What the task requires » Copy, word for word, each line of the data below from the first through the line containing "Federico_Covre", and stop there.
■ ■ ■ ■ ■ ■ ■
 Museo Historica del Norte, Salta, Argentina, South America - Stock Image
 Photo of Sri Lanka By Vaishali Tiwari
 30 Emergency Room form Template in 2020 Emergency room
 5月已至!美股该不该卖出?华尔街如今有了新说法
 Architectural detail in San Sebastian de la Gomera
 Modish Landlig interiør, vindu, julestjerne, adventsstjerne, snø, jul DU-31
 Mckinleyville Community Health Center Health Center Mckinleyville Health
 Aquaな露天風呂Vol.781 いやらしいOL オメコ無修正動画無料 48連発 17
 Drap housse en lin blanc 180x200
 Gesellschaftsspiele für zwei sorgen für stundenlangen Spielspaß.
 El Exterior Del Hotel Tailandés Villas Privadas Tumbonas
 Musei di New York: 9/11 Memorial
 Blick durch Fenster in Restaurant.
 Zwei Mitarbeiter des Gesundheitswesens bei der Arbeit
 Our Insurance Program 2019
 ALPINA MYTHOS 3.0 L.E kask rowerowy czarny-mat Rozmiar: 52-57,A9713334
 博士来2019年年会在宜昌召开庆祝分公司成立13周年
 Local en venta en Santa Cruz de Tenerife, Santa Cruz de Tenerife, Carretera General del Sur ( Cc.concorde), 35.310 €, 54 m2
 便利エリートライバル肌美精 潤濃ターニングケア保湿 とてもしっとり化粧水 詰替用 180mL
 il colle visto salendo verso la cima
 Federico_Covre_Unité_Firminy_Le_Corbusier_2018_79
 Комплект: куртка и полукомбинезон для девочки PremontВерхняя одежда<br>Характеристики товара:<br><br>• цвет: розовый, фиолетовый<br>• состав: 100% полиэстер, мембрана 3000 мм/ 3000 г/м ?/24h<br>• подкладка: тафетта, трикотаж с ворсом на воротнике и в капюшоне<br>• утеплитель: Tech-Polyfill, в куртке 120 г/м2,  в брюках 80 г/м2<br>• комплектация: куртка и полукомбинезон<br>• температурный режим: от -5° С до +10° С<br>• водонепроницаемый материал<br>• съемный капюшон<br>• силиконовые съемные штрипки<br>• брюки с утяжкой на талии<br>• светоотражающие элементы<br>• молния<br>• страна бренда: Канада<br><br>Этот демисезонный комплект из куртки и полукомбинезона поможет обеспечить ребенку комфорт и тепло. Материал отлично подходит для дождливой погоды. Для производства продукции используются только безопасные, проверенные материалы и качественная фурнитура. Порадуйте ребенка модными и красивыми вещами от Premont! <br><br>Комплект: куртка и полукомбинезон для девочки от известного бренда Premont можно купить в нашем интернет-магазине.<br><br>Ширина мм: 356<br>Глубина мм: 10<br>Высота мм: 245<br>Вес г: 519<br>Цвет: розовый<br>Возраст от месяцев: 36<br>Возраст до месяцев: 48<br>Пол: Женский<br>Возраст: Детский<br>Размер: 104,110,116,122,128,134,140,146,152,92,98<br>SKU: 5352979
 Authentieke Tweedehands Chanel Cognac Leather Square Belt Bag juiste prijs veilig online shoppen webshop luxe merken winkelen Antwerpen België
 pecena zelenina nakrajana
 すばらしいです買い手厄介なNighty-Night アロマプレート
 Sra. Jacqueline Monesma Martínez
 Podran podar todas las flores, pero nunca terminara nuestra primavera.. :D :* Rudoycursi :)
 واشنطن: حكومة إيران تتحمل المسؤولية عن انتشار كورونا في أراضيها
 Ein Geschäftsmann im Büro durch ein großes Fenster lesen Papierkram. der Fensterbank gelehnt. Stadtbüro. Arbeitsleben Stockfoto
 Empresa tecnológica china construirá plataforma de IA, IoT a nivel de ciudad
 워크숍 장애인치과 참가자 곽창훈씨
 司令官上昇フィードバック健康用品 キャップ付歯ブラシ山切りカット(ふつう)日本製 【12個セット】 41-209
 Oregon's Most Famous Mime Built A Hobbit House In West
■ ■ ■ ■ ■ ■ ■
Reply to the task »
 Museo Historica del Norte, Salta, Argentina, South America - Stock Image
 Photo of Sri Lanka By Vaishali Tiwari
 30 Emergency Room form Template in 2020 Emergency room
 5月已至!美股该不该卖出?华尔街如今有了新说法
 Architectural detail in San Sebastian de la Gomera
 Modish Landlig interiør, vindu, julestjerne, adventsstjerne, snø, jul DU-31
 Mckinleyville Community Health Center Health Center Mckinleyville Health
 Aquaな露天風呂Vol.781 いやらしいOL オメコ無修正動画無料 48連発 17
 Drap housse en lin blanc 180x200
 Gesellschaftsspiele für zwei sorgen für stundenlangen Spielspaß.
 El Exterior Del Hotel Tailandés Villas Privadas Tumbonas
 Musei di New York: 9/11 Memorial
 Blick durch Fenster in Restaurant.
 Zwei Mitarbeiter des Gesundheitswesens bei der Arbeit
 Our Insurance Program 2019
 ALPINA MYTHOS 3.0 L.E kask rowerowy czarny-mat Rozmiar: 52-57,A9713334
 博士来2019年年会在宜昌召开庆祝分公司成立13周年
 Local en venta en Santa Cruz de Tenerife, Santa Cruz de Tenerife, Carretera General del Sur ( Cc.concorde), 35.310 €, 54 m2
 便利エリートライバル肌美精 潤濃ターニングケア保湿 とてもしっとり化粧水 詰替用 180mL
 il colle visto salendo verso la cima
 Federico_Covre_Unité_Firminy_Le_Corbusier_2018_79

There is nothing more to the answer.